TEDRA's mediation provisions are found at RCW 11.96A.300. At the outset, any "party," as denned in RCW 11.96A.030(5), may cause a "matter," defined in RCW 11.96A.030(2), to be subject to mediation.

(a) Forms for notice of mediation

RCW 11.96A.300(1)(a) and (b) provide two forms of notice of mediation that can be served on parties, depending on whether a matter has or has not been set for hearing.

(b) Prior to any hearing being set

Notice of mediation can be served at any time if the matter has not been set for hearing (i.e., if no petition under RCW 11.96A.100 has been noted for hearing). RCW 11.96A.300(2). The form of written notice of mediation when a hearing has not yet been noted is set forth in RCW 11.96A.300(1)(a).

The statutory form of notice recites all of the procedural information that is set forth throughout the balance of RCW 11.96A.300, including how and when another party can object, as well as the timing and procedure for selecting a mediator. In In re Estate of Harder, 185 Wn.App. 378, 341 P.3d 342 (2015), the Court of Appeals indicated that substantial compliance with the mediation initiation procedures may be sufficient to compel TEDRA mediation under RCW 11.96A.300(1)(a), although notice in that case did not substantially comply.

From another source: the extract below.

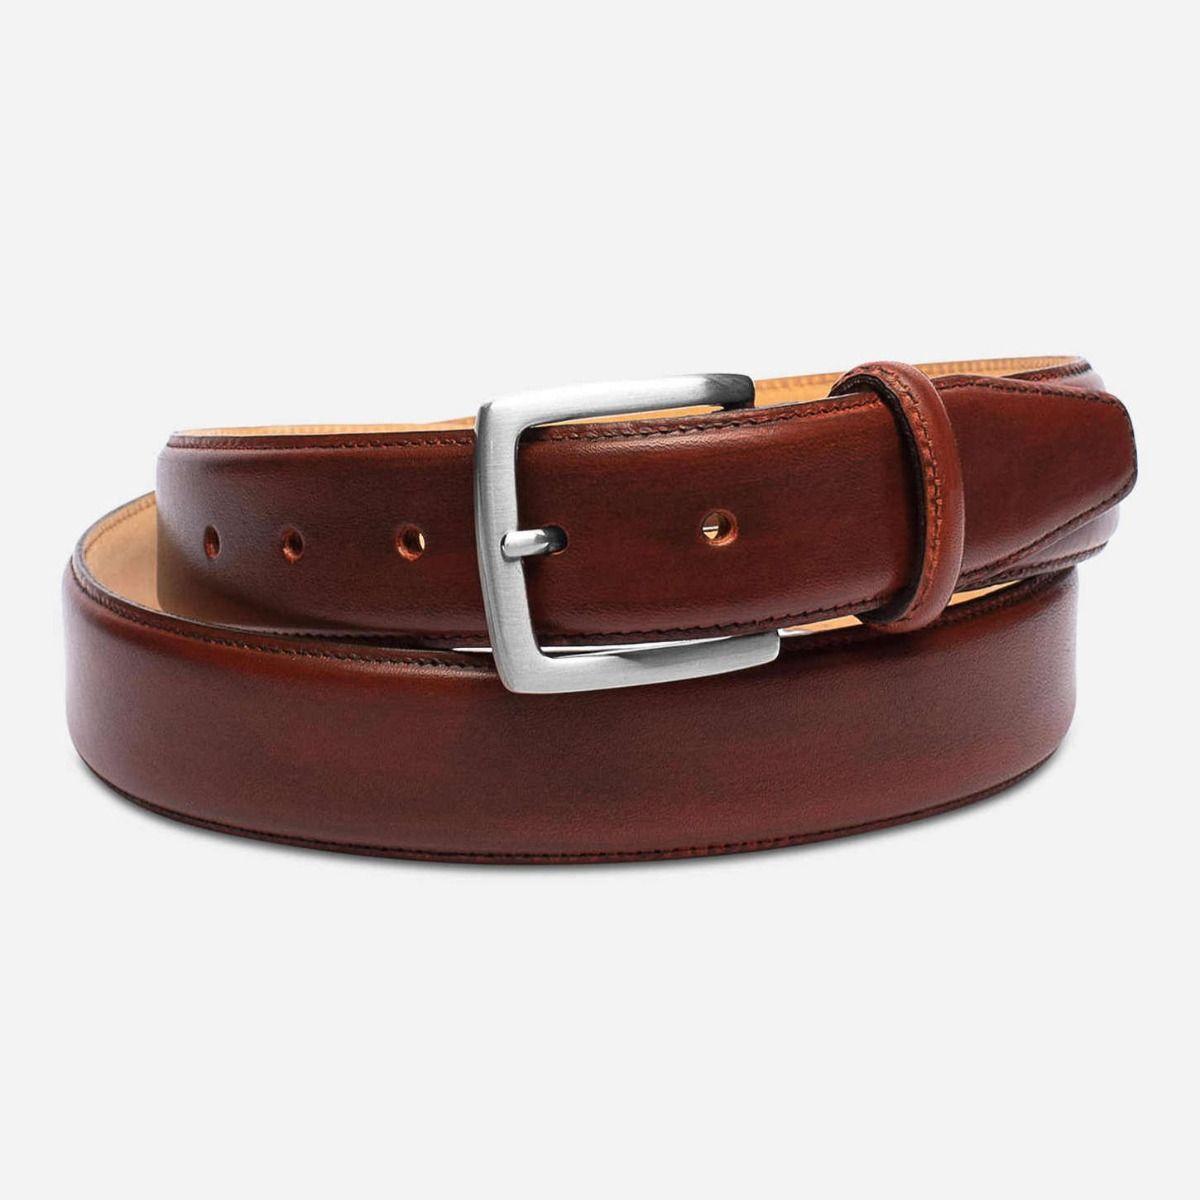 Brown Leather Belt Ends

(c) After a hearing has been set

If the matter has already been set for an initial hearing, then the statutory form of notice set forth in RCW 11.96A.300(1)(b) should be used, and notice must be filed and served at least three days before the hearing. This statutory form of notice also provides information regarding procedure, including how and when another party can object and a description of what might happen at the initial hearing.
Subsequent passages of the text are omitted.